**Given entries**
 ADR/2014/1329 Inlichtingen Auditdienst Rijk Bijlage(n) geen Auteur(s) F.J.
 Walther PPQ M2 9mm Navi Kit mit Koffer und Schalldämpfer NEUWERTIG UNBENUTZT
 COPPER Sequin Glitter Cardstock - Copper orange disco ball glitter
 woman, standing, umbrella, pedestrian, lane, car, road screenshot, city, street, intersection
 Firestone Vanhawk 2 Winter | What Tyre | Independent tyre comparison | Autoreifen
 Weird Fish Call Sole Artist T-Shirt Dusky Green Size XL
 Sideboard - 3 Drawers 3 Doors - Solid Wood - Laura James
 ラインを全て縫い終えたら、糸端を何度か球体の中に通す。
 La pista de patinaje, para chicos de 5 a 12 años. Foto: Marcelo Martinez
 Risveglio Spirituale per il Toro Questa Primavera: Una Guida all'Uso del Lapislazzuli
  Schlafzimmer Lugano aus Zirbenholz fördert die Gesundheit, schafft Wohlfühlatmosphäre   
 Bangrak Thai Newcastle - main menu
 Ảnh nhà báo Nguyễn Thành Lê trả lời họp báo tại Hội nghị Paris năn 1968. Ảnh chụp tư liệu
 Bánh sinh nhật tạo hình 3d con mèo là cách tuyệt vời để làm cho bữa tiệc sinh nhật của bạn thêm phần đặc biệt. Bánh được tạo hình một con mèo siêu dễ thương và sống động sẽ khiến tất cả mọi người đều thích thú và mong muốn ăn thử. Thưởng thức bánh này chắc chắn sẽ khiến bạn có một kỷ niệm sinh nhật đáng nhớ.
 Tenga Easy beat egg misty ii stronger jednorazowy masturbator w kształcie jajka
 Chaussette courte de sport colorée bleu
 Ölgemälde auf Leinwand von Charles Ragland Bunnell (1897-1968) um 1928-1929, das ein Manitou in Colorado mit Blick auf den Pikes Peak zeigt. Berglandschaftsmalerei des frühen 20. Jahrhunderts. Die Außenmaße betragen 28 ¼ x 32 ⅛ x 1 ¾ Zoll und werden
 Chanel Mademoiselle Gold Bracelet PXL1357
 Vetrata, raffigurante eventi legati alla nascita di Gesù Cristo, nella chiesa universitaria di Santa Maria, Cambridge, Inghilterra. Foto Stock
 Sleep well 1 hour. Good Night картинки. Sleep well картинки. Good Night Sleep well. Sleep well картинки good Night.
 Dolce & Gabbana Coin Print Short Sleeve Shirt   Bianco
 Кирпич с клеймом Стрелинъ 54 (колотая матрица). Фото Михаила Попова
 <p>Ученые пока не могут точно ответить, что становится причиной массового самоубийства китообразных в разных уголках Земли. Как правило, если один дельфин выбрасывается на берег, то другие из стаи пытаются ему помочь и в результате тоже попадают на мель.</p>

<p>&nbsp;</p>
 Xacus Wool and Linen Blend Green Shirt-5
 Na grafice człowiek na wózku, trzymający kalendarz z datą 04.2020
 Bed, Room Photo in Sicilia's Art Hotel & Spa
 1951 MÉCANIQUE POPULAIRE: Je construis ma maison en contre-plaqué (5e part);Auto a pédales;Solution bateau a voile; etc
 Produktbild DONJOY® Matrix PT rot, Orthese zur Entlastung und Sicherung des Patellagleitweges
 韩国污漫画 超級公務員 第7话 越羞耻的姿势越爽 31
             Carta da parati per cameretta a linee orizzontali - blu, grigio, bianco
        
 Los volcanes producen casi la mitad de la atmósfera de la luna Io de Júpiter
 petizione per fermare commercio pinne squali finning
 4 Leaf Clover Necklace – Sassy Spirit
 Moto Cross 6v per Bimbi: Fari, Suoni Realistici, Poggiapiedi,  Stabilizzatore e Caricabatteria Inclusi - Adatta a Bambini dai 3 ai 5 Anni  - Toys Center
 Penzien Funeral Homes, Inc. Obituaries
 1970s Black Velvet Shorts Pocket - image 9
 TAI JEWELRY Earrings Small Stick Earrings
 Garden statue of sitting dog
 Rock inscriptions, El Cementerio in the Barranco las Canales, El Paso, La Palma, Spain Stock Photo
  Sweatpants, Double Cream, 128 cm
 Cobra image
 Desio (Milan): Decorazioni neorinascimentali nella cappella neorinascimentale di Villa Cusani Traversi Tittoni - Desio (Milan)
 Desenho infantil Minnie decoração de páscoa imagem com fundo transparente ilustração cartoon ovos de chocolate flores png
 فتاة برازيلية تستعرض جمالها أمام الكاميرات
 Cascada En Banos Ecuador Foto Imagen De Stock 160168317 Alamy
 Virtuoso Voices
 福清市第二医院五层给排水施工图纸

**Assignment**
Give only the lines from the one holding "Кирпич с клеймом" through the one holding "Rock inscriptions, El", each restated exactly as it appears above.

**Response box**
 Кирпич с клеймом Стрелинъ 54 (колотая матрица). Фото Михаила Попова
 <p>Ученые пока не могут точно ответить, что становится причиной массового самоубийства китообразных в разных уголках Земли. Как правило, если один дельфин выбрасывается на берег, то другие из стаи пытаются ему помочь и в результате тоже попадают на мель.</p>

<p>&nbsp;</p>
 Xacus Wool and Linen Blend Green Shirt-5
 Na grafice człowiek na wózku, trzymający kalendarz z datą 04.2020
 Bed, Room Photo in Sicilia's Art Hotel & Spa
 1951 MÉCANIQUE POPULAIRE: Je construis ma maison en contre-plaqué (5e part);Auto a pédales;Solution bateau a voile; etc
 Produktbild DONJOY® Matrix PT rot, Orthese zur Entlastung und Sicherung des Patellagleitweges
 韩国污漫画 超級公務員 第7话 越羞耻的姿势越爽 31
             Carta da parati per cameretta a linee orizzontali - blu, grigio, bianco
        
 Los volcanes producen casi la mitad de la atmósfera de la luna Io de Júpiter
 petizione per fermare commercio pinne squali finning
 4 Leaf Clover Necklace – Sassy Spirit
 Moto Cross 6v per Bimbi: Fari, Suoni Realistici, Poggiapiedi,  Stabilizzatore e Caricabatteria Inclusi - Adatta a Bambini dai 3 ai 5 Anni  - Toys Center
 Penzien Funeral Homes, Inc. Obituaries
 1970s Black Velvet Shorts Pocket - image 9
 TAI JEWELRY Earrings Small Stick Earrings
 Garden statue of sitting dog
 Rock inscriptions, El Cementerio in the Barranco las Canales, El Paso, La Palma, Spain Stock Photo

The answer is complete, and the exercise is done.